As garantias concedidas pelo Estado português terão, todavia, que ser limitadas (no tempo e âmbito de aplicação) e concedidas de forma não discriminatória. As instituições ficarão sujeitas ao pagamento de uma comissão a preços de mercado. A proporcionalidade das medidas terá ainda que ser assegurada, pelo que ao accionar uma garantia a instituição financeira ficará obrigada a reembolsar o Estado português na íntegra.
As autoridades portuguesas deverão ainda notificar à Comissão Europeia um plano de recuperação relativo aos beneficiários das garantias, o que, todavia, no caso do Banco Privado Português ainda não aconteceu e poderá vir a justificar a condenação do Estado português ao pagamento de uma multa pelos órgãos jurisdicionais comunitários. O auxílio de Estado terá também de se limitar ao estritamente necessário para restabelecer a normalidade do funcionamento dos mercados.

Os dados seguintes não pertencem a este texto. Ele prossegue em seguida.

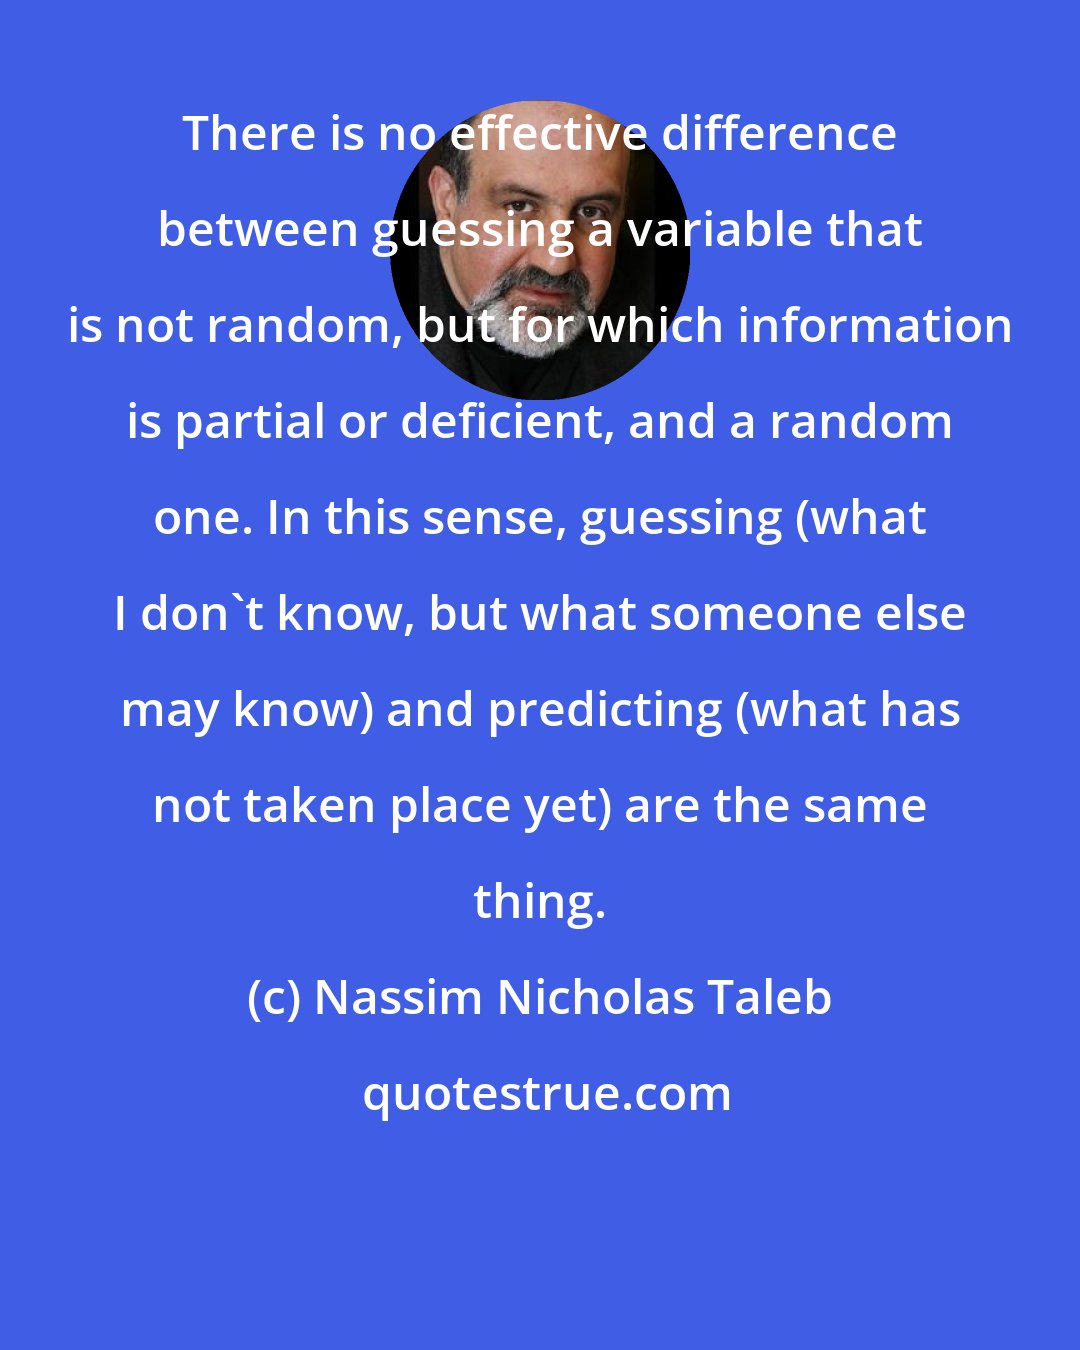 Nassim Nicholas Taleb: There is no effective difference between guessing a variable that is not random, but for which information is partial or deficient, and a random one. In this sense, guessing (what I don't know, but what someone else may know) and predicting (what has not taken place yet) are the same thing.

Embora a falta de liquidez a que se assistiu em 2008 e 2009 esteja a ser progressivamente sanada e as medidas de saneamento financeiro já tenham cumprido, em grande medida, a sua missão, a prorrogação concedida pela Comissão Europeia justifica-se por tais medidas não poderem ser subitamente retiradas para que se mantenham os níveis de liquidez actuais até que o mercado volte ao seu normal funcionamento.